The fighting doesn't stop, however, and Weiss ends up going back to Paris. Unbeknownst to all of them is the upcoming siege of Paris and the Paris commune! Things are going to get worse! The short version is that after a months-long siege of Paris by the Prussians, overthrow their own government and all hell breaks loose inside the city, culminating in a bloody week when more than 20,000 people died and much of the city burned to the ground. I've been to Paris several times and I am aghast that I had no idea that this happened.

Despite all the politics and warfare, I ended up really liking this book, though it's a lot to take. There is a LOT of violence and pretty detailed descriptions of deaths on the battlefront, executions, wartime hospitals (including amputations), disposing of bodies, and just general unpleasant things that happen in wartime. Might not be the best choice if you like to read and eat at the same time. 

The hardest parts for me to read were definitely the military actions and the history of the politics that were going on, culminating in the Paris commune. I was a history major but I haven't read that much academic history for a long time, and Zola crams in a lot of facts, names, dates, and places, and it was tough to keep everything straight. I absolutely understand why he had to include all of it, but it wasn't my favorite part of the book.  I read the Oxford World's Classics edition, pictured above, which includes a lot of resources in the endnotes, timelines, and maps, which were great. There's also a list of the characters, the first one I've seen in a Zola novel. 

Until I started reading this, I also didn't realize that much of the action takes place a fairly short distance from where I spent three years in Germany! There's a lot of mentions of cities and towns that I actually visited, like Strasbourg and Metz, which are a fairly easy drive from our house in the Rhineland. I'm quite sorry now that I didn't read this while I was living there -- I certainly would have paid closer attention while I was on day trips and maybe even tried to trace the route of the armies. (It makes sense why the U. S. military built an enormous base nearby for its strategic location.) And I visited Paris multiple times when we lived there, but not once did I visit Place Vendome and many of the other important sites mentioned. I guess I'll just have to go back someday! 

I'm counting this as my Classic in Translation for the Back to the Classics Challenge. Thanks again to Fanda for hosting Zoladdiction 2021 and inspiring me to finally read this book!

Monday, April 20, 2020

#Zoladdiction 2020: The Sin of Abbe Mouret


It's April, and that means it's another edition of Fanda's Zoladdiction!
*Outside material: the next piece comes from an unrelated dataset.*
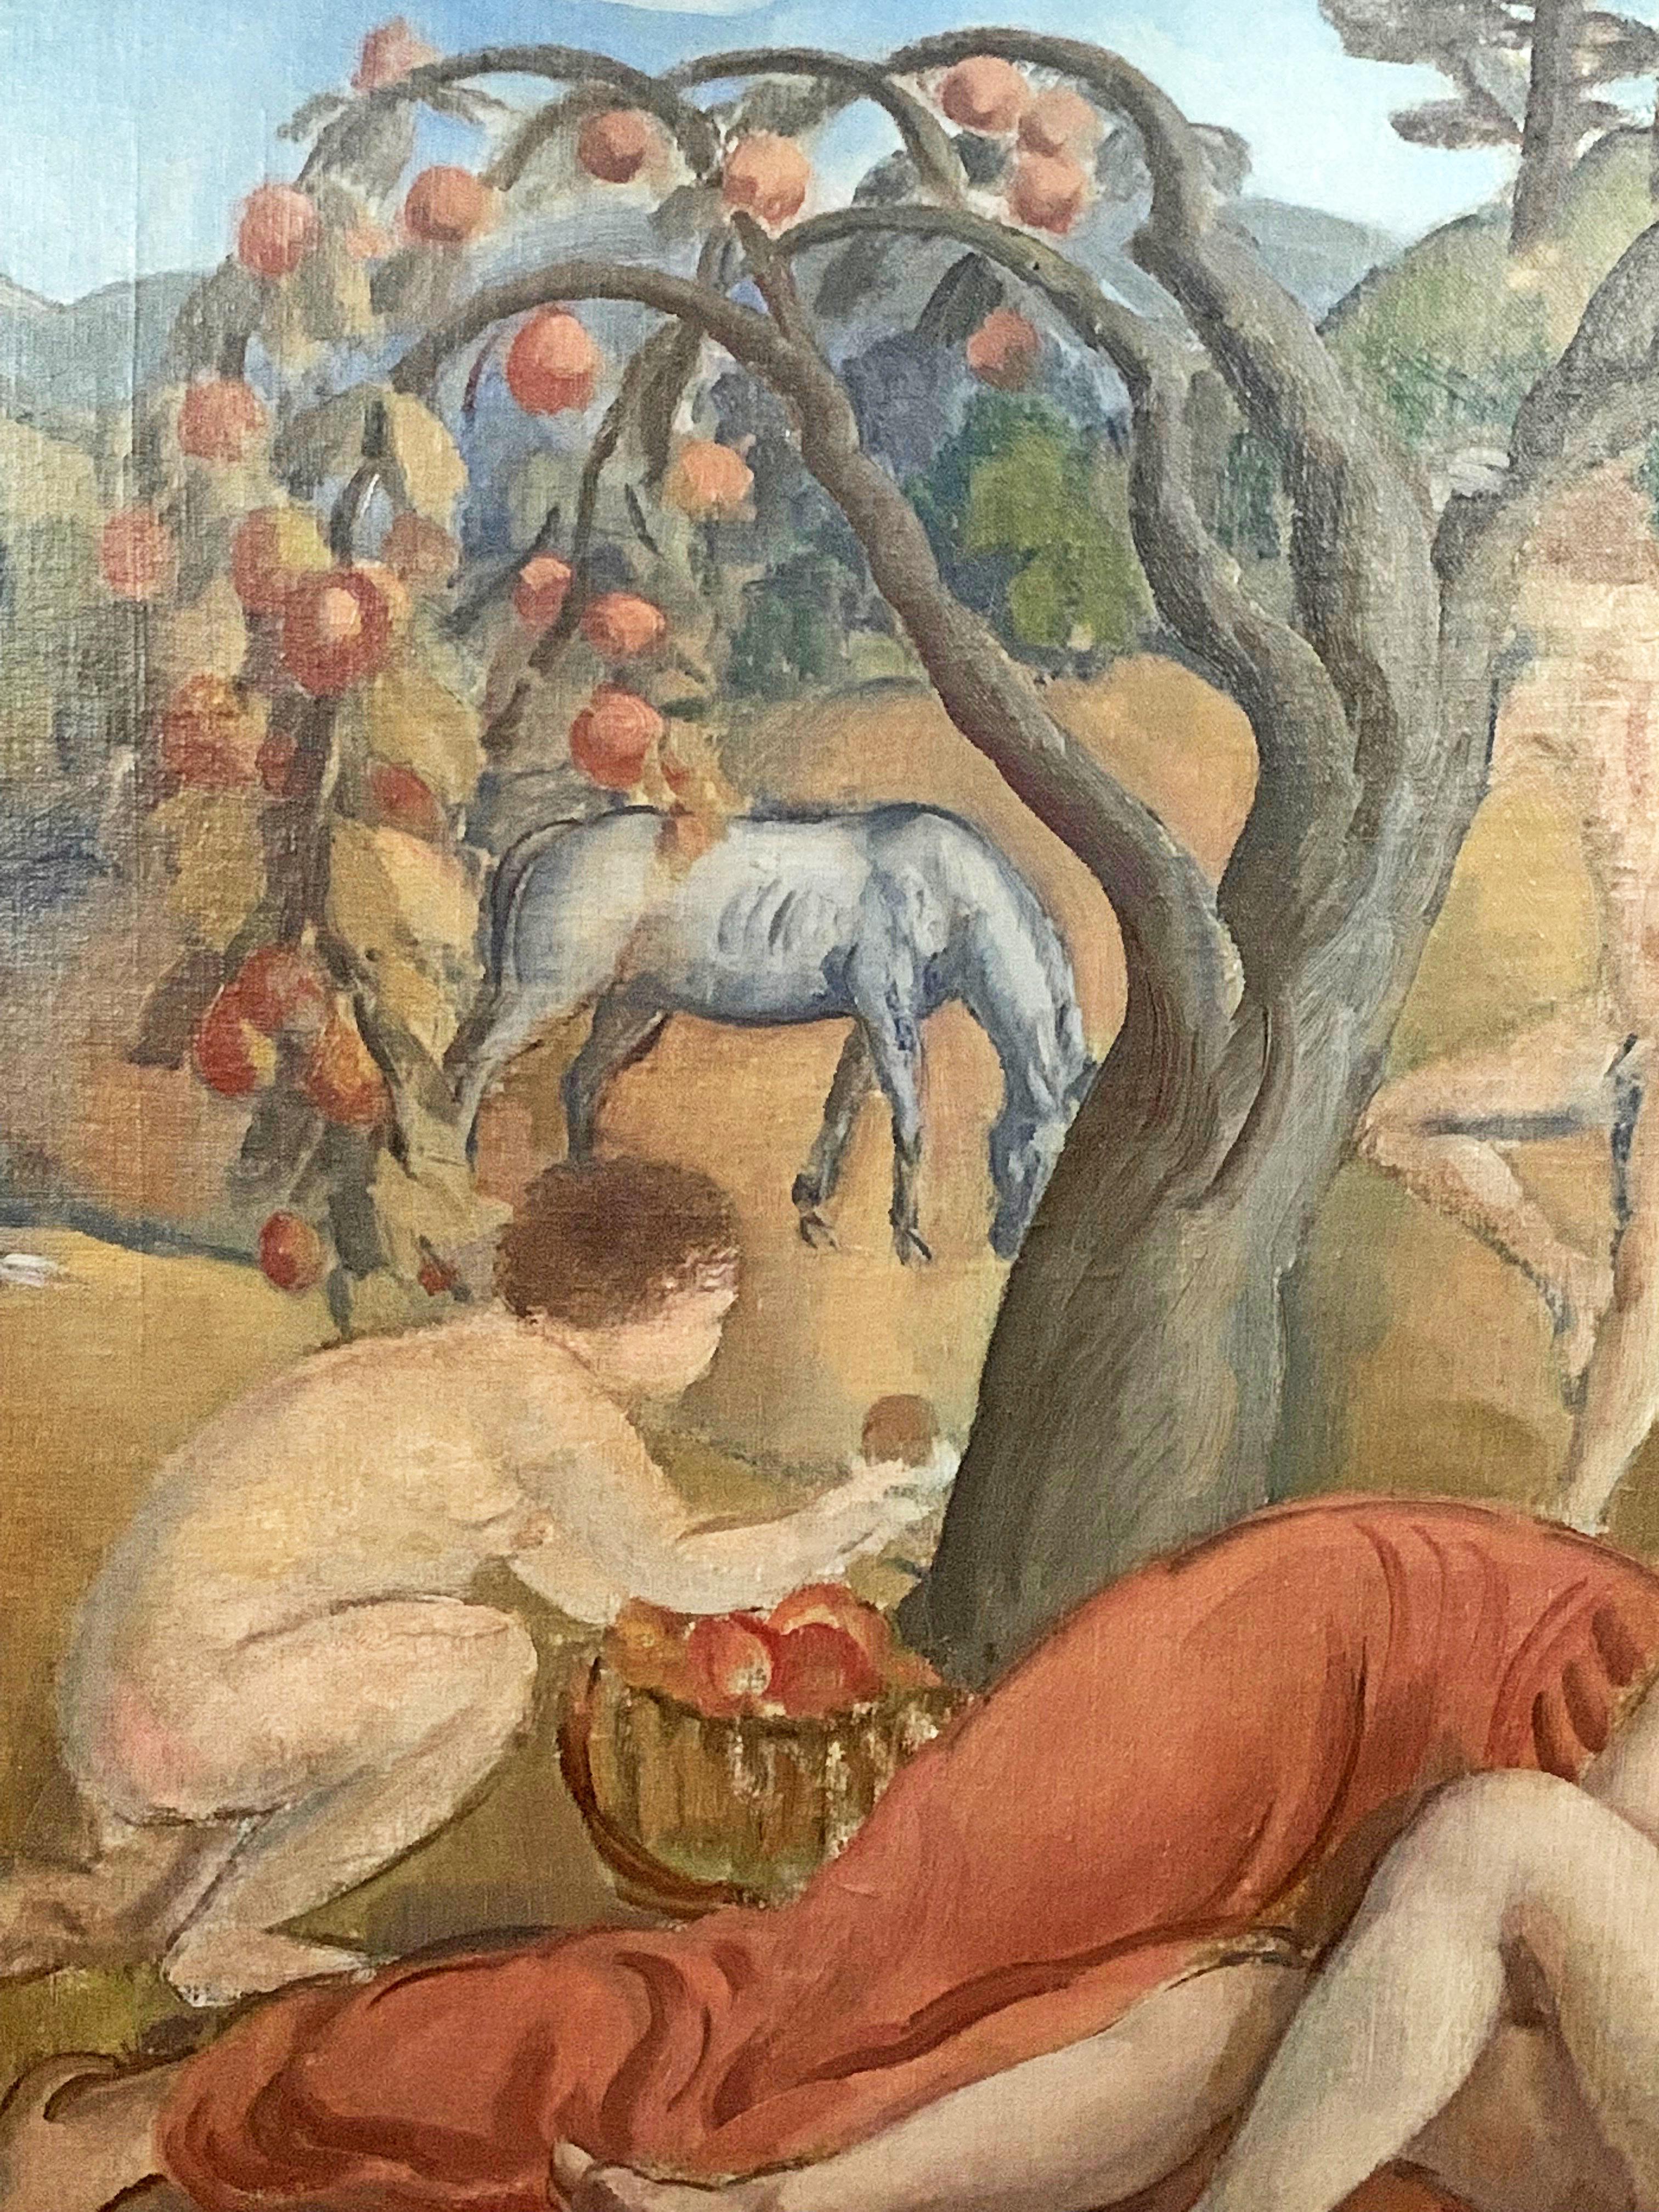 Cette magnifique représentation idyllique de personnages nus profitant de la beauté et de l'abondance de l'Arcadie, certains cueillant des pommes et d'autres faisant l'amour, a été peinte par David Karfunkle dans les années 1930, qui a immigré

Hosted by Fandaclassiclit, this is a month-long celebration of the life and work of Emile Zola, my favorite French writer. I've been reading Zola's novels for ten years, and I'm more than halfway through with his Rougon-Macquart cycle of twenty novels. This year I selected The Sin of Abbe Mouret, first published in 1875.


This is the fifth book in the series, and at just under 300 pages, it's also one of the shortest -- which is honestly why I chose it from the five Zola novels on my TBR list. I'm still recovering from Les Miserables and just could not face the 600 pages of La Debacle, another war novel. As such a short novel, there are few characters and the plot line is fairly simple. Abbe Serge Mouret, age 25, is the priest of a small parish of Les Artaud, a village in southern France, where he lives with his younger sister, Desiree, and an elderly housekeeper, La Teuse. Serge and Desiree are the two younger children of the Mouret family introduced in The Conquest of Plassans, the previous volume of the series (their older brother Octave moves off to Paris and reappears in books ten and eleven, Pot-Bouille and The Ladies' Paradise).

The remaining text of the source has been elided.